The Supreme Court will hear five hours of arguments this week. Click here to read more about SCOTUS’ current term.
In its October 2018 term, SCOTUS heard arguments in 69 cases. Click here to read more about SCOTUS’ previous term.
Click the links below to read more about the specific cases SCOTUS will hear this week:
- March 2
- In Nasrallah v. Barr, Nidal Khalid Nasrallah, a citizen and native of Lebanon, pleaded guilty to two counts of receiving stolen property in interstate commerce. An immigration judge determined that one of Nasrallah’s convictions involved moral turpitude, which Nolo’s Plain-English Law Dictionary defines as “conduct that is shamefully wicked, an extreme departure from ordinary standards of morality, justice, or ethics.” The immigration judge also determined the conviction constituted a particularly serious crime, making Nasrallah subject to removal as an alien. However, the judge granted Nasrallah protection from removal under the Convention Against Torture (CAT).

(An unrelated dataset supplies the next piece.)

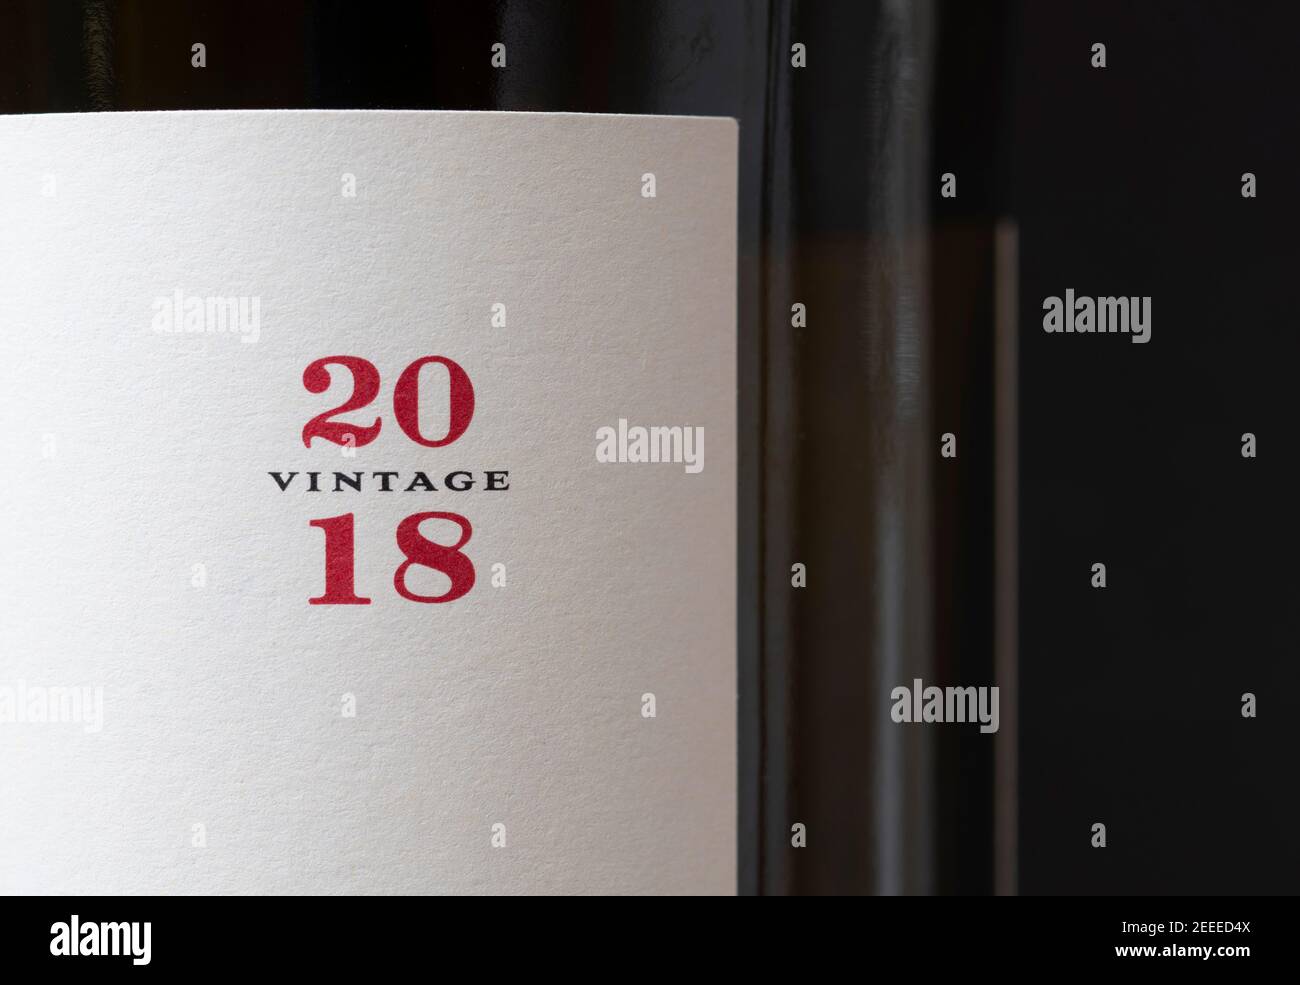 Era Costana Rioja étiquette de bouteille de vin en gros plan Banque D'Images

The case was appealed to the Board of Immigration Appeals, which affirmed in part and reversed in part the immigration judge’s decision, and ordered Nasrallah’s removal. Nasrallah petitioned the U.S. Court of Appeals for the 11th Circuit for review. The 11th Circuit denied in part and dismissed in part the petition, holding it lacked jurisdiction under 8 U.S. Code § 1252(a)(2)(C).
Section 1252(a)(2)(C) prohibits courts from having “jurisdiction to review any final order of removal against an alien who is removable by reason of having committed” certain criminal offenses.
The issue (from SCOTUSblog): “Whether Section 1252(a)(2)(C), which bars judicial review of factual determinations in final orders of removal on criminal grounds, also bars judicial review of Nasrallah’s challenge to the denial of his application for deferral of removal under the CAT.”
- In Department of Homeland Security v. Thuraissigiam, Vijayakumar Thuraissigiam, a Sri Lankan native, illegally entered the United States by crossing the border with Mexico in 2017. A U.S. Customs and Border Protection officer apprehended Thuraissigiam and the U.S. Department of Homeland Security (DHS) began expedited removal proceedings. An asylum officer and later an immigration judge decided Thuraissigiam did not have a credible fear of persecution in Sri Lanka.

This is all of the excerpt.